Quinto disco disco di Enrico Tiberi, in arte NREC, che vede numerose collaborazioni (Clod degli Iori’s Eyes, Anacleto Vitolo – Av-k, K.Lone, Manyfeetunder – e Fabrizio Testa – Tarzan Records, Il Lungo Addio– nei panni di co-produttore). Questo Signals è un progetto di ampio respiro, dalle tante facce, sia da un punto di vista musicale (come si evince poco sopra), sia da un punto di vista artistico (corredato da alcune tavole in acrilico dell’artista marchigiano Marco Amato, davvero apprezzabilissime e decisamente in linea con il tono noir dell’album) e anche da un punto di vista vocale (nei vari brani si alternano le voci dello stesso Tiberi, di Daniele Strappato, Claudio Nigliazzo, Anacleto Vitolo e Kendra Black).
Nel comunicato stampa si definisce il genere suonato da NREC come una “electro-wave influenzata da Nine Inch Nails, Apparat, Sohn e Telefon Tel Aviv”; sono parzialmente d’accordo, nel senso che sicuramente l’elettronica è la matrice di questo lavoro ma non sempre è l’elemento dominante di un disco che definirei prevalentemente di buon rock. Manca, è vero, un certo suono grezzo, quello vero del rock più puro e sudato, ma un certo ritmo sostenuto, con tratti mainstream che acchiappano anche l’ascoltatore amante di toni più “leggeri”, lo collocano in un panorama che non è propriamente quello dell’elettronica pura. Penso soprattutto a brani come “Dust”, “Still” o “I don’t know where I’m” (suadente ballad old style, intensa e passionale).
Poi ci sono gli aspetti più electro ma, al di là di qualche sperimentazione un po’ più noise (“Fino in fondo”, “Emina – Utica”), l’incedere ricorda più approcci dance anni 80 (“Videdrome”, “It’s mine”) che non i Nine Inch Nails o Sohn (giusto per citare due dei riferimenti riportati nel documento di presentazione della band).
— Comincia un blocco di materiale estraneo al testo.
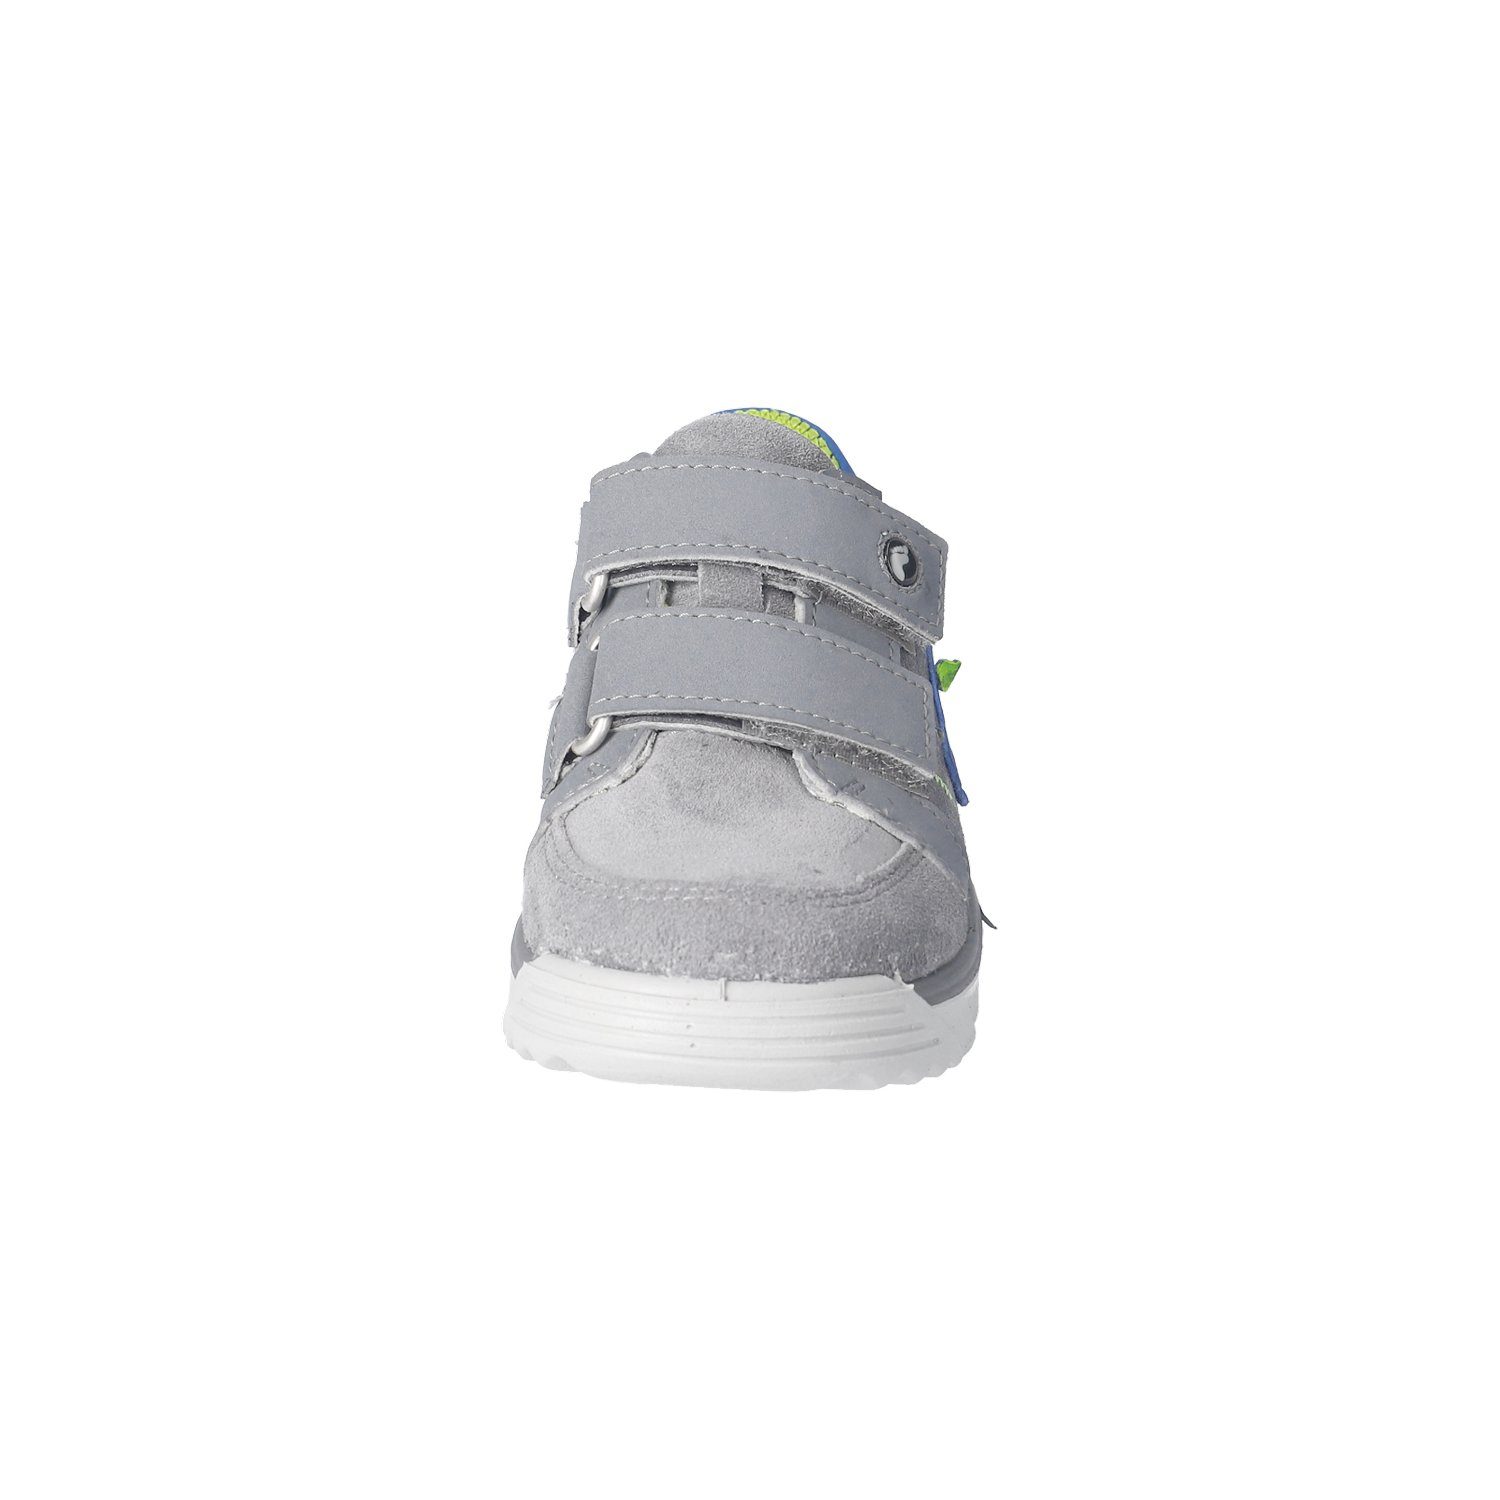 (450) Ricosta Sneaker grau

Se vivessimo ancora ai tempi del vinile, loderei senza dubbio il lato A (nel quale arbitrariamente inserisco i primi cinque brani) mentre sospenderei il giudizio sul lato B. Dato che viviamo nell’era facebookiana, sintetizzo il giudizio complessivo su “Signals” con un convinto Like, e cerco di convivere con la strana sensazione di ritrovarmi a saltellare proprio sui pezzi più Eighties, io che quel periodo l’ho sempre odiato… E forse questo vale più di mille Like.